● RECORDS FOR THIS TASK:
+-------+

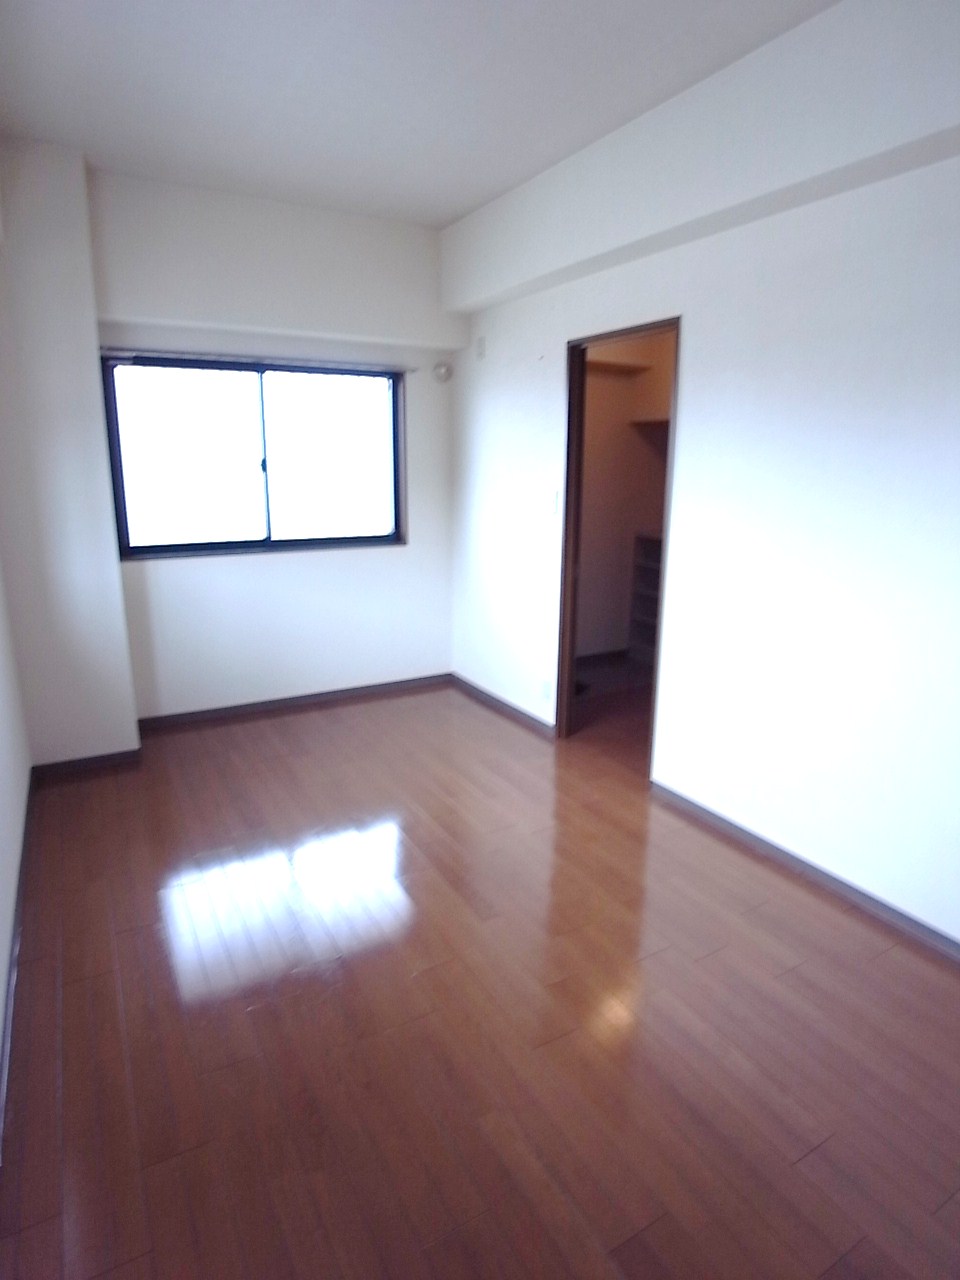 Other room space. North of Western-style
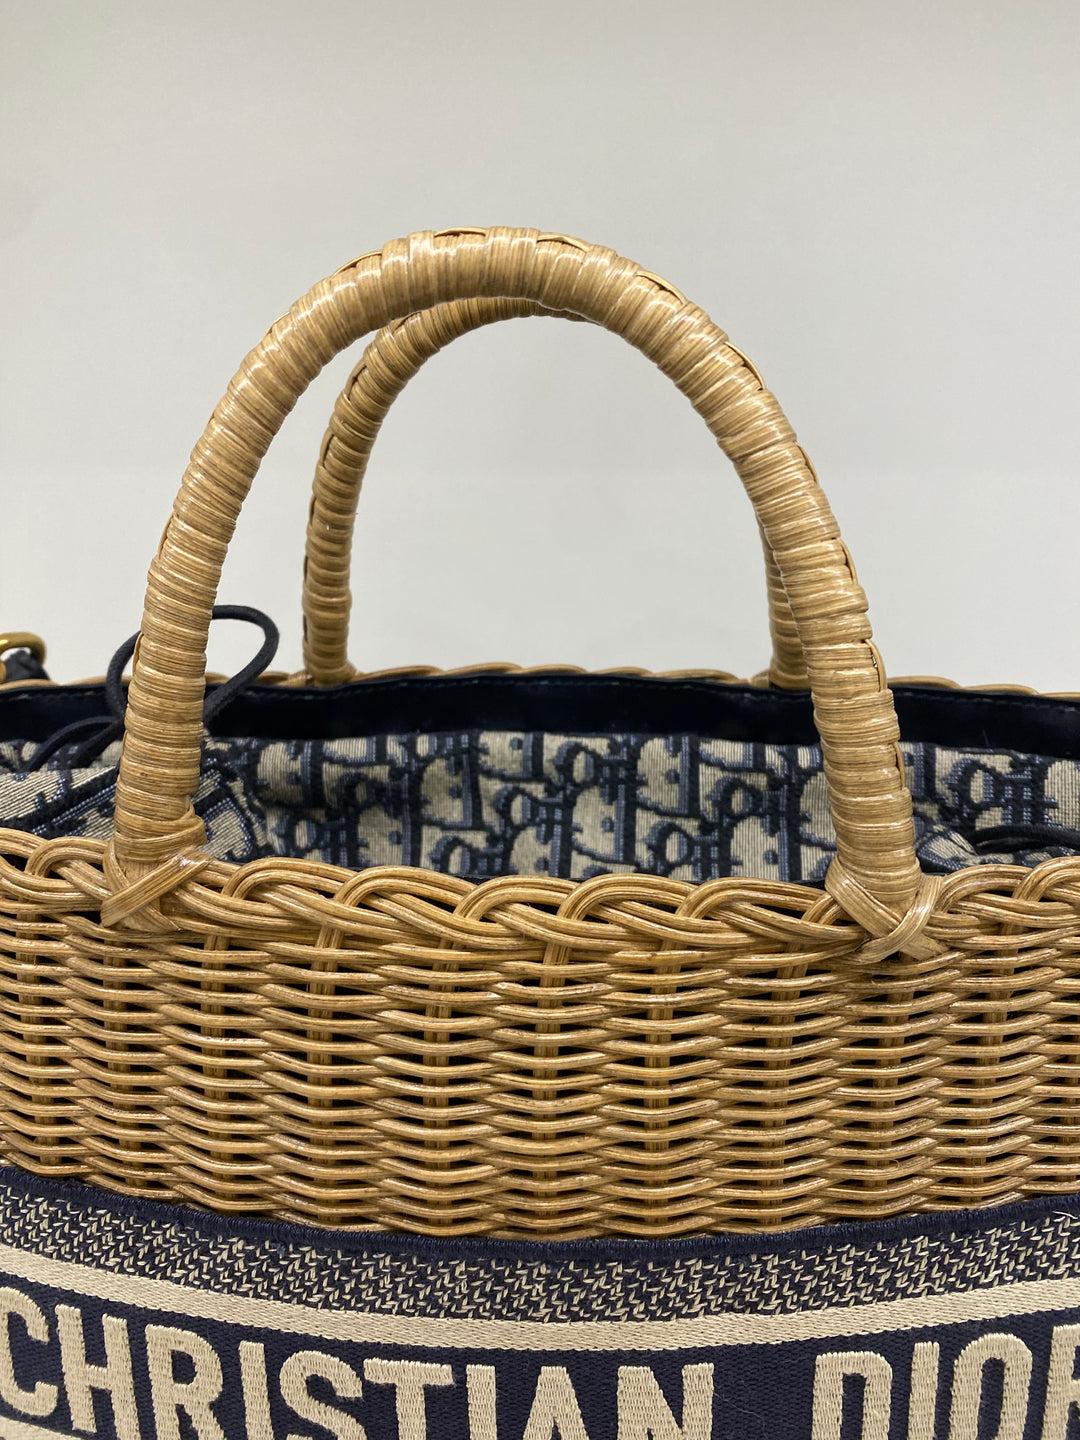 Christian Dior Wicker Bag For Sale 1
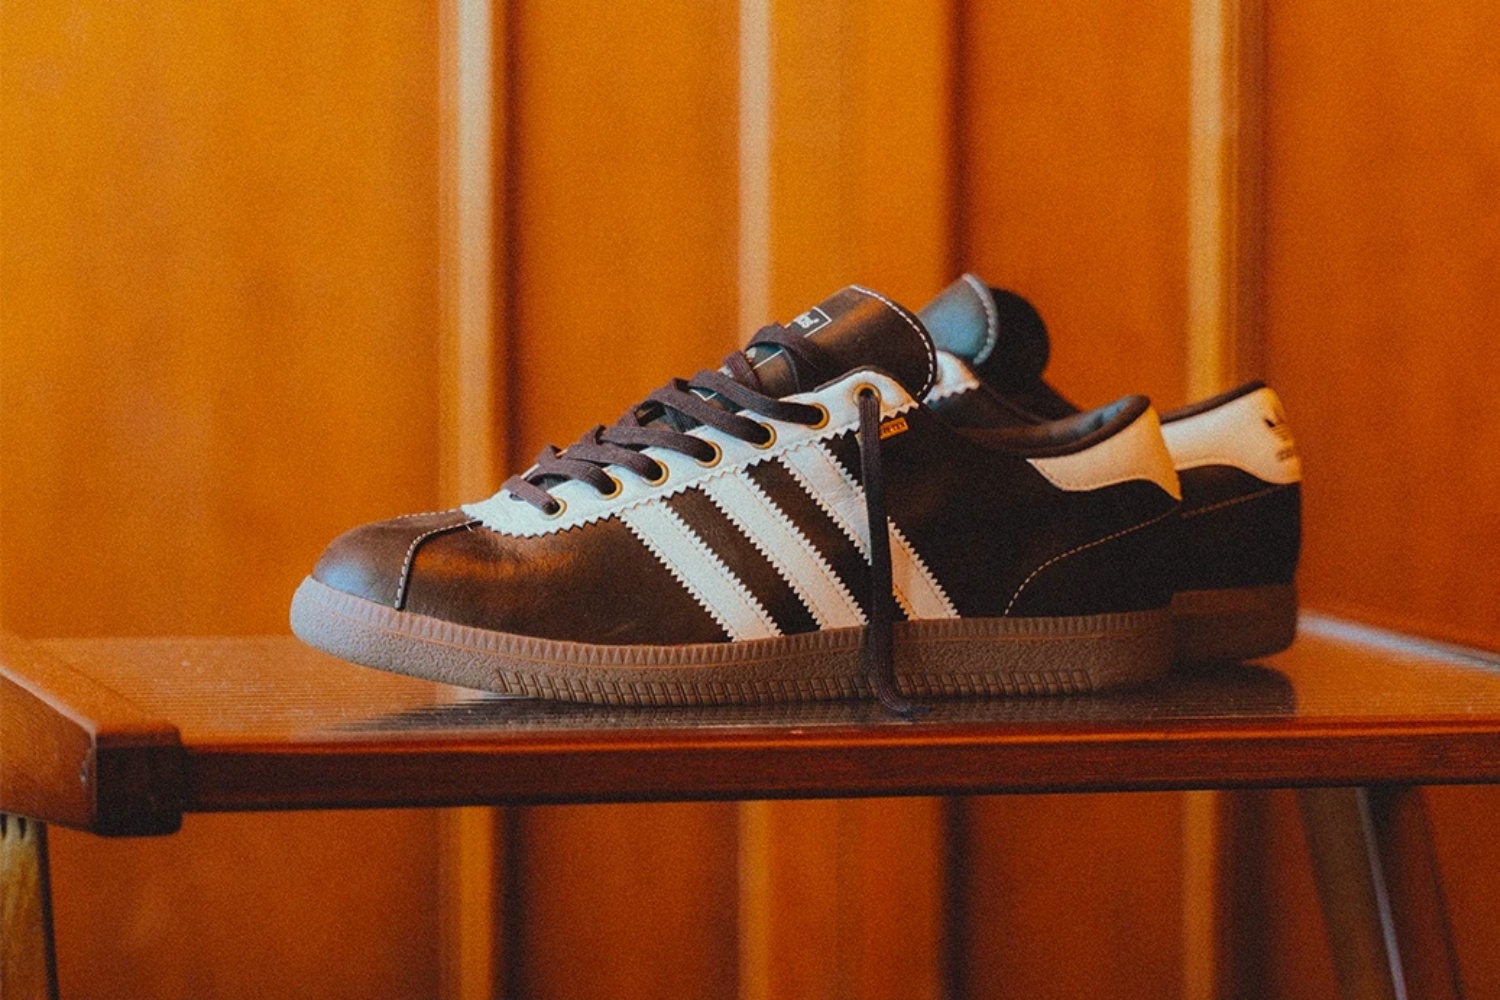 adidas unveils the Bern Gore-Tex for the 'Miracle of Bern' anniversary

+-------+

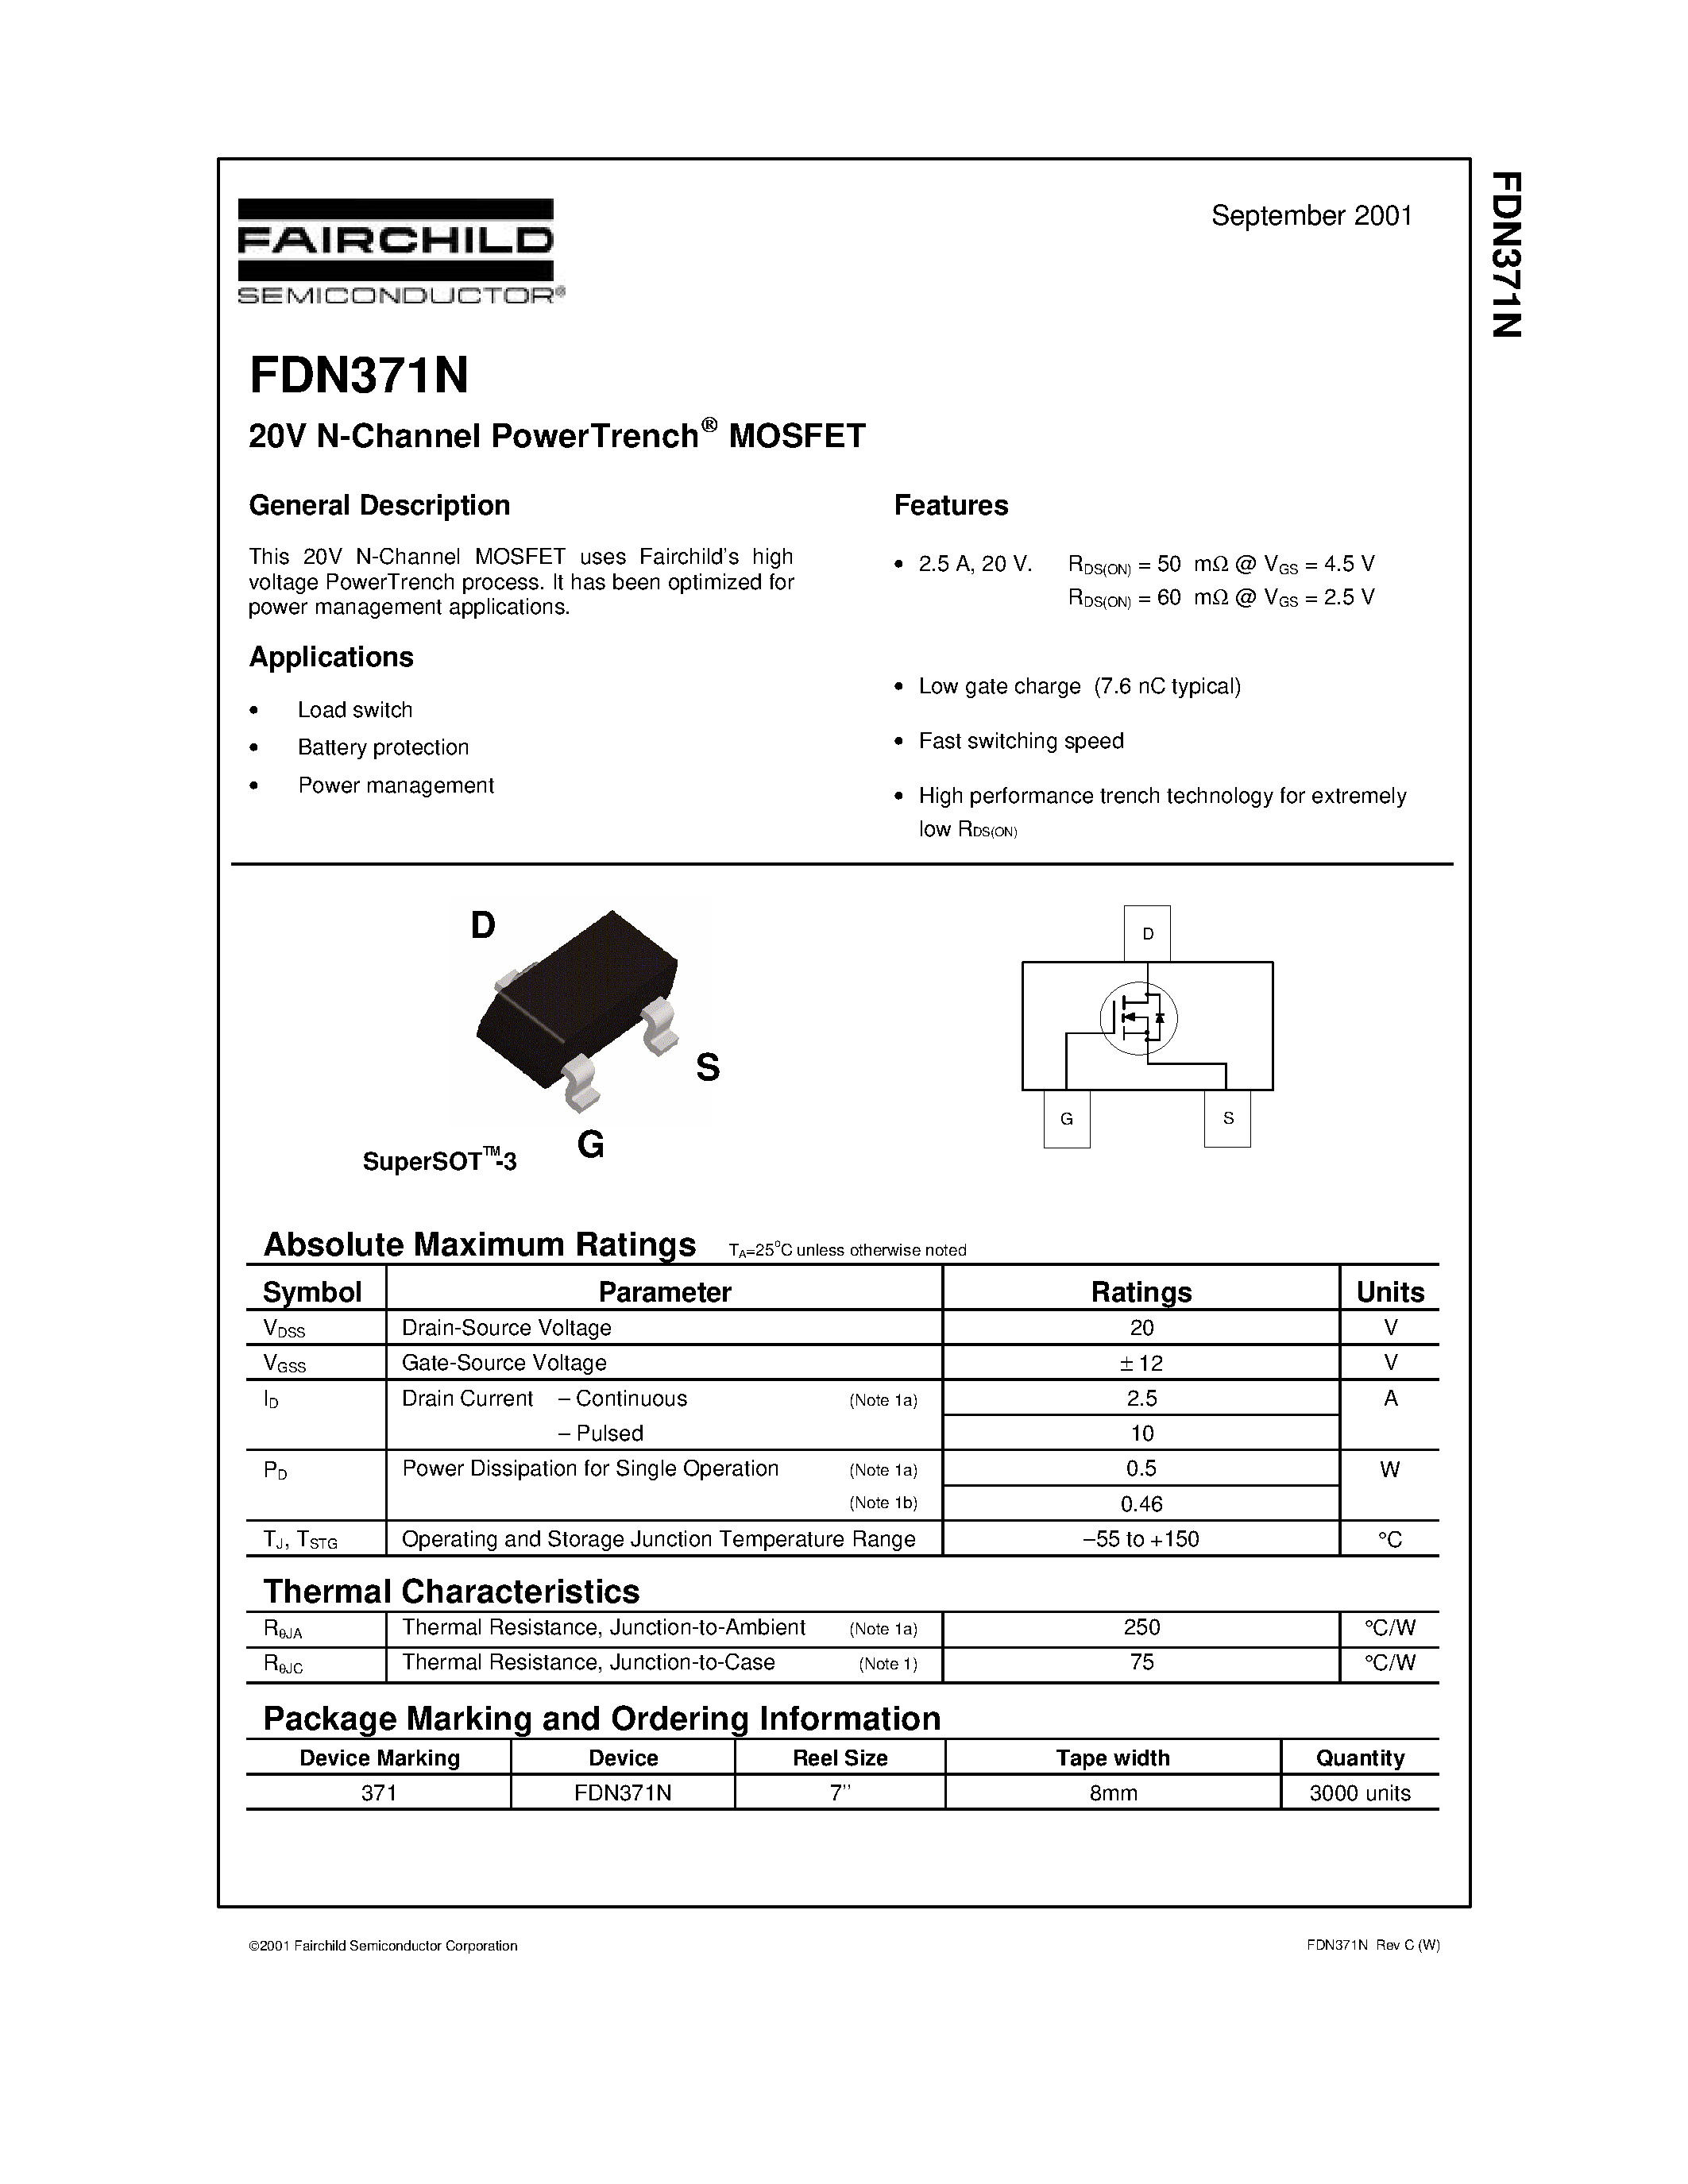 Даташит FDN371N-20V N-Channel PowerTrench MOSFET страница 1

+-------+

● YOUR GOAL:
Using the data above, retype exactly and only the lines from the one containing "Christian Dior Wicker Bag For Sale 1" up to and including the one containing "adidas unveils the", with no pictures carried over.

● ANSWER BELOW:
 Christian Dior Wicker Bag For Sale 1
 adidas unveils the Bern Gore-Tex for the 'Miracle of Bern' anniversary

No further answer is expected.